A common question during and after the World Heritage nomination process regarded how the inscription would impact the site. Would the state of Louisiana cede ownership and/or management of Poverty Point to the U.S. National Park Service or to the United Nations? The answer was and remains “No.” This remarkable archaeological site is owned by the state and is managed for the public by the Louisiana Office of State Parks, with no outside interference. The Louisiana Archaeological Survey and Antiquities Commission is responsible for granting permission to conduct archaeological research at the site.

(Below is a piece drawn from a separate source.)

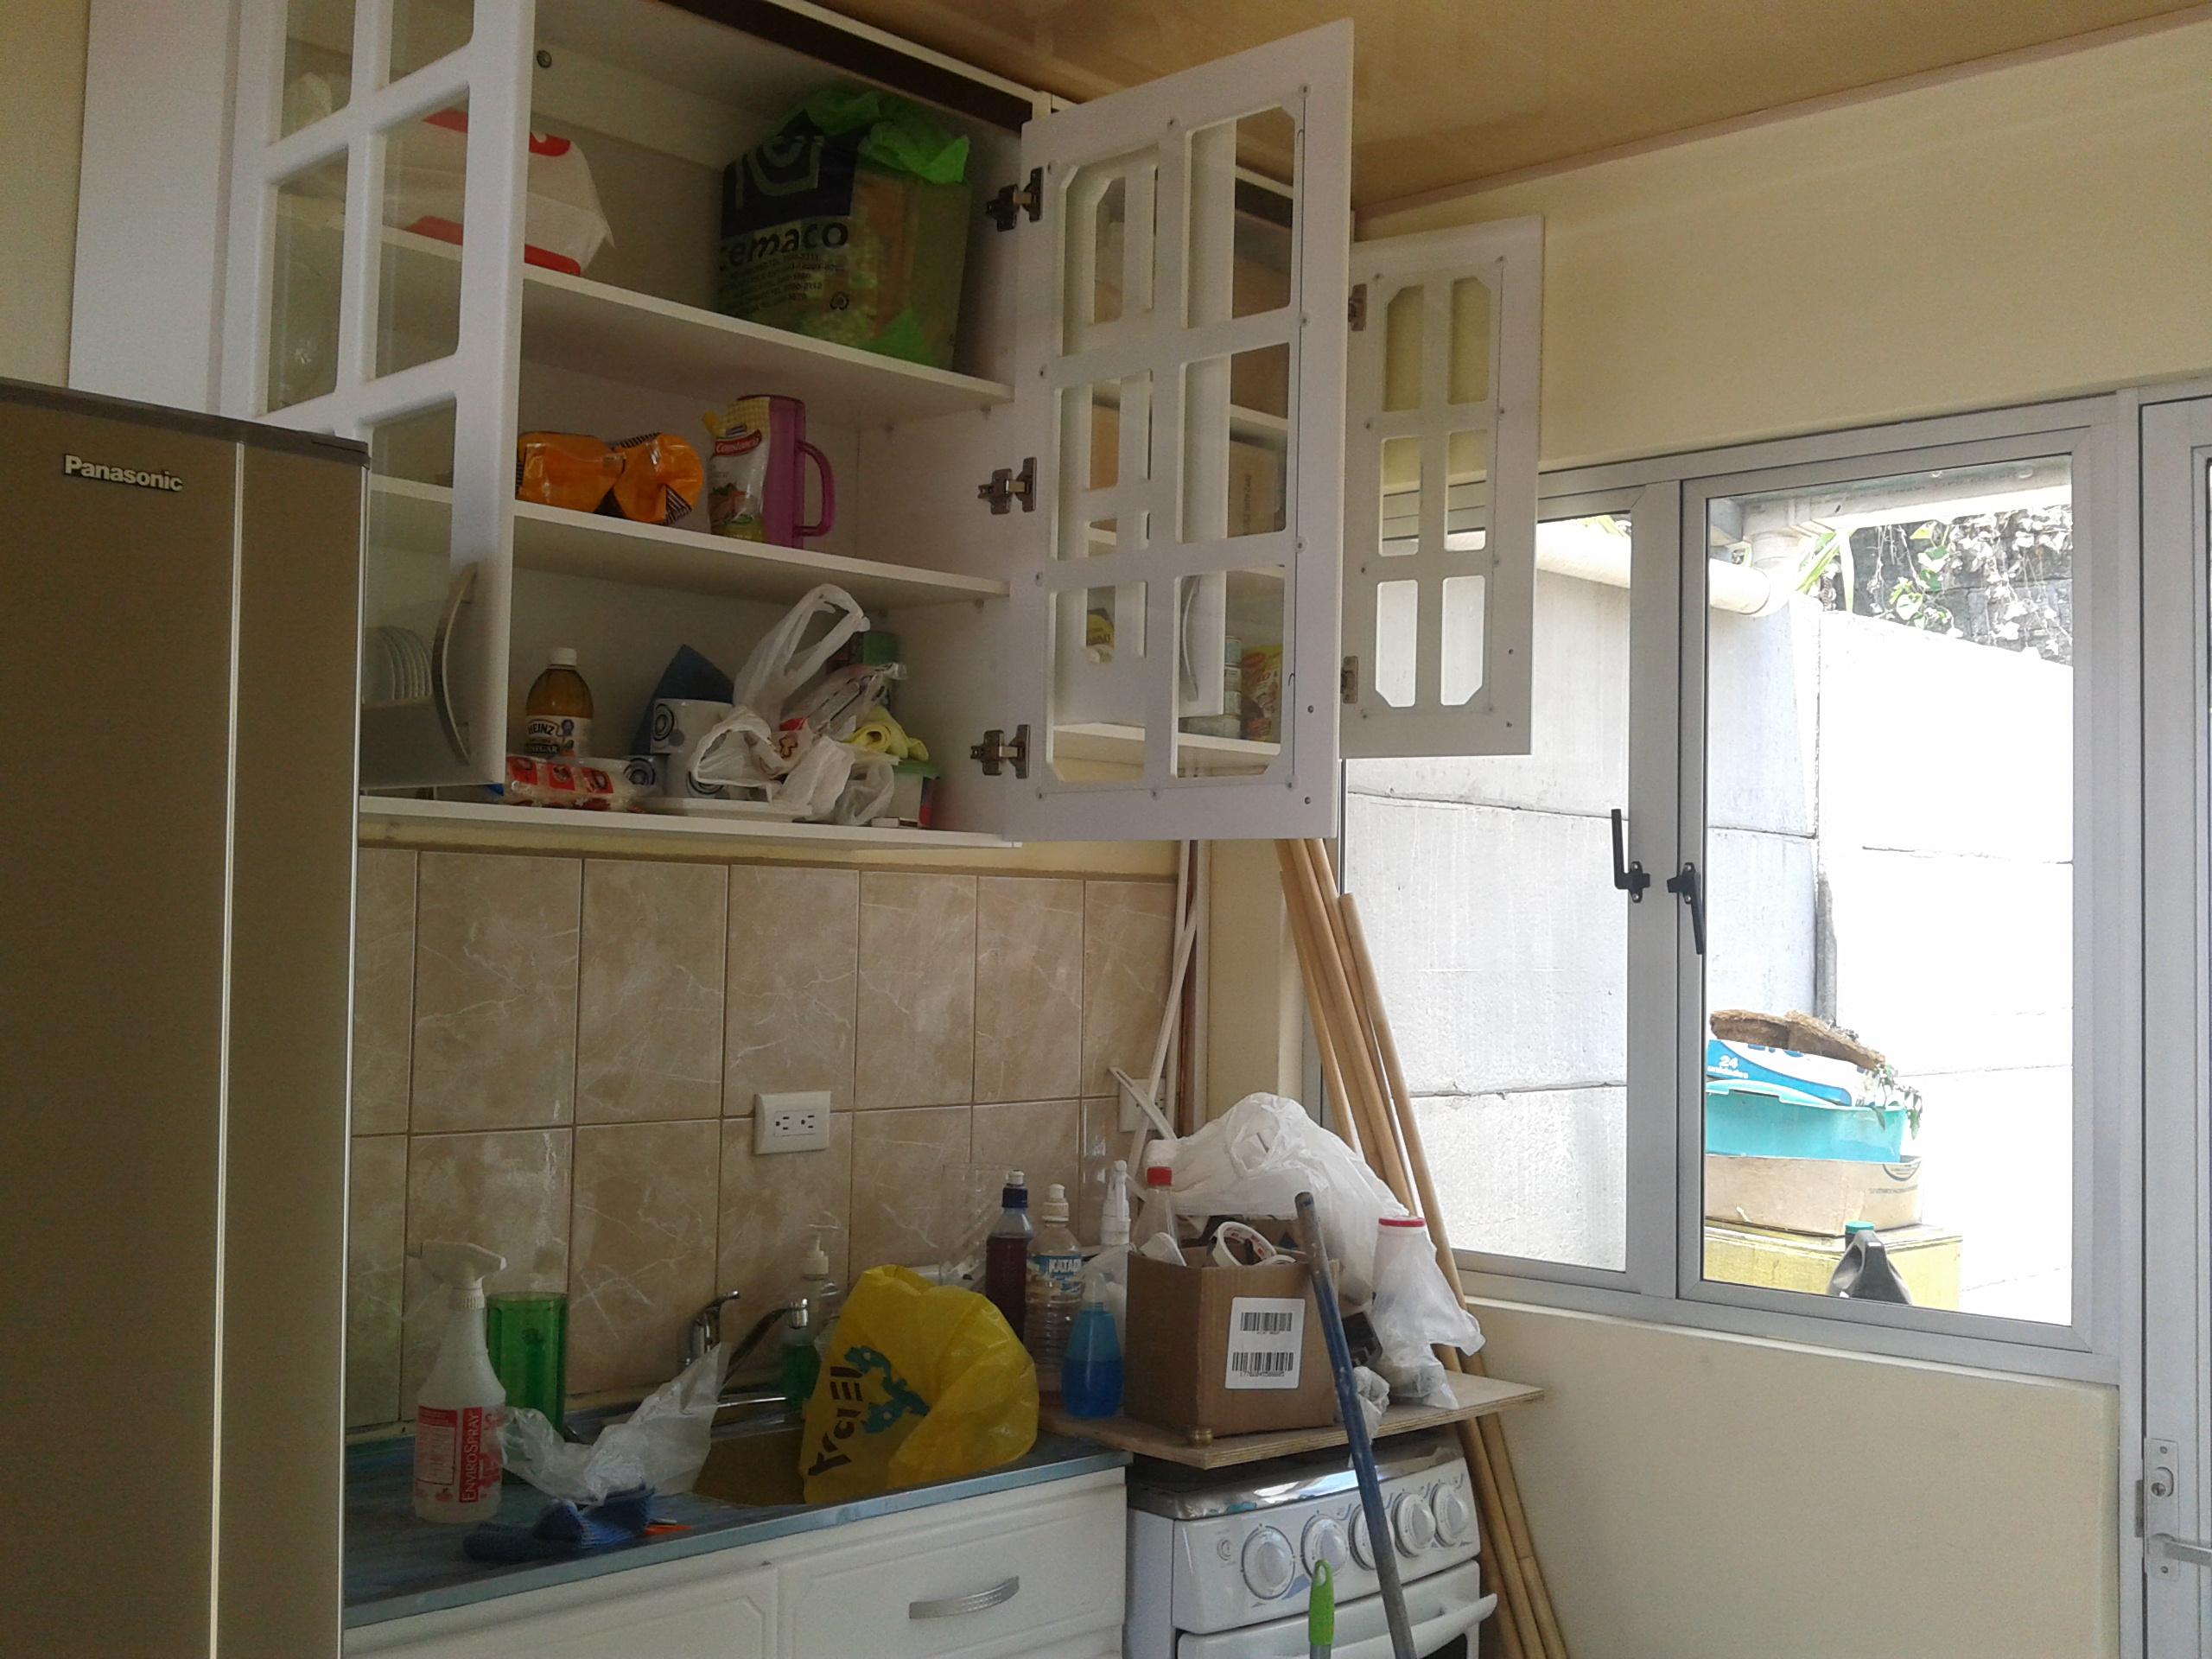 Organizaci n profesional mueble de cocina mi casa organizada for Cocina profesional en casa

1: LiDAR map of Poverty Point showing six earthen mounds (Mounds, A, B, C, D, E and F) and six nested, C-shaped, earthen ridges surrounding a huge leveled, 43-acre plaza. Data courtesy of FEMA and the state of Louisiana; distributed by “Atlas: the Louisiana Statewide GIS,” LSU CADGIS Research Laboratory, Baton Rouge.

2: Copper artifacts at Poverty Point. Photo by Jenny Ellerbe.

 

Archaeological Research

Since inscription, archaeologists from several universities, including Minnesota State University Moorhead, Mississippi State University, Binghamton University (New York) and Washington University in St. Louis, have joined with the Poverty Point Station Archaeology Program to conduct research. Progress is slow, often taking the form of baby steps as archaeologists test hypotheses and build on previous knowledge, one bit of data at a time.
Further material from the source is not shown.